Deterministic and Stochastic Analysis of Deep Reinforcement Learning for Low Dimensional Sensing-based Navigation of Mobile Robots

TL;DR

This paper compares deterministic and stochastic deep reinforcement learning methods, DDPG and SAC, for mapless navigation of mobile robots with high-dimensional sensing, analyzing how neural network architecture impacts their performance.

Contribution

It provides a comparative analysis of DDPG and SAC in high-dimensional navigation tasks, highlighting the influence of neural network architecture on learning outcomes.

Findings

SAC performs better with deeper neural network architectures.

DDPG is more effective with shallower architectures.

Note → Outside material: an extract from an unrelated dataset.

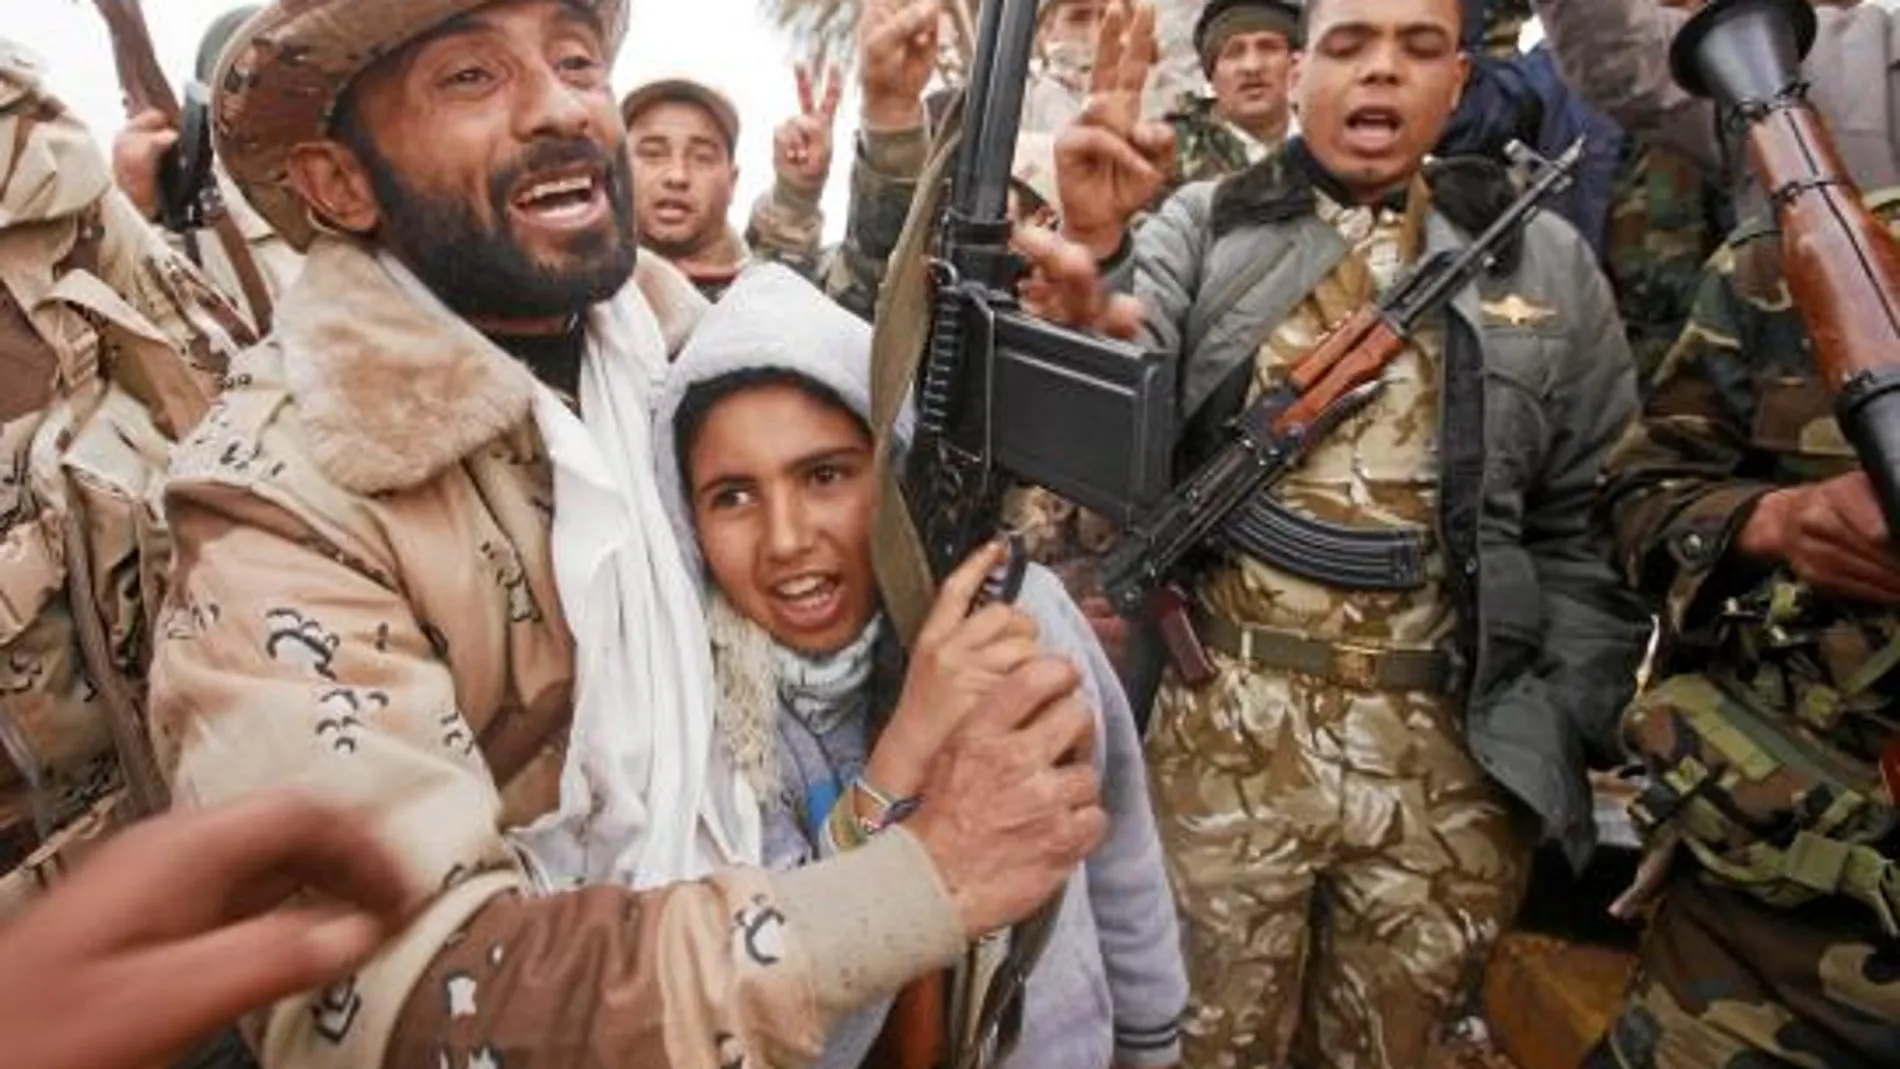 Rebeldes y ex soldados de Gadafi celebran juntos la toma de un acuartelamiento en Bengasi

Quantitative results show differences in navigation time and distance.

Abstract

Deterministic and Stochastic techniques in Deep Reinforcement Learning (Deep-RL) have become a promising solution to improve motion control and the decision-making tasks for a wide variety of robots. Previous works showed that these Deep-RL algorithms can be applied to perform mapless navigation of mobile robots in general. However, they tend to use simple sensing strategies since it has been shown that they perform poorly with a high dimensional state spaces, such as the ones yielded from image-based sensing. This paper presents a comparative analysis of two Deep-RL techniques - Deep Deterministic Policy Gradients (DDPG) and Soft Actor-Critic (SAC) - when performing tasks of mapless navigation for mobile robots. We aim to contribute by showing how the neural network architecture influences the learning itself, presenting quantitative results based on the time and distance of navigation of aerial mobile robots for each approach. Overall, our analysis of six distinct architectures highlights that the stochastic approach (SAC) better suits with deeper architectures, while the opposite happens with the deterministic approach (DDPG).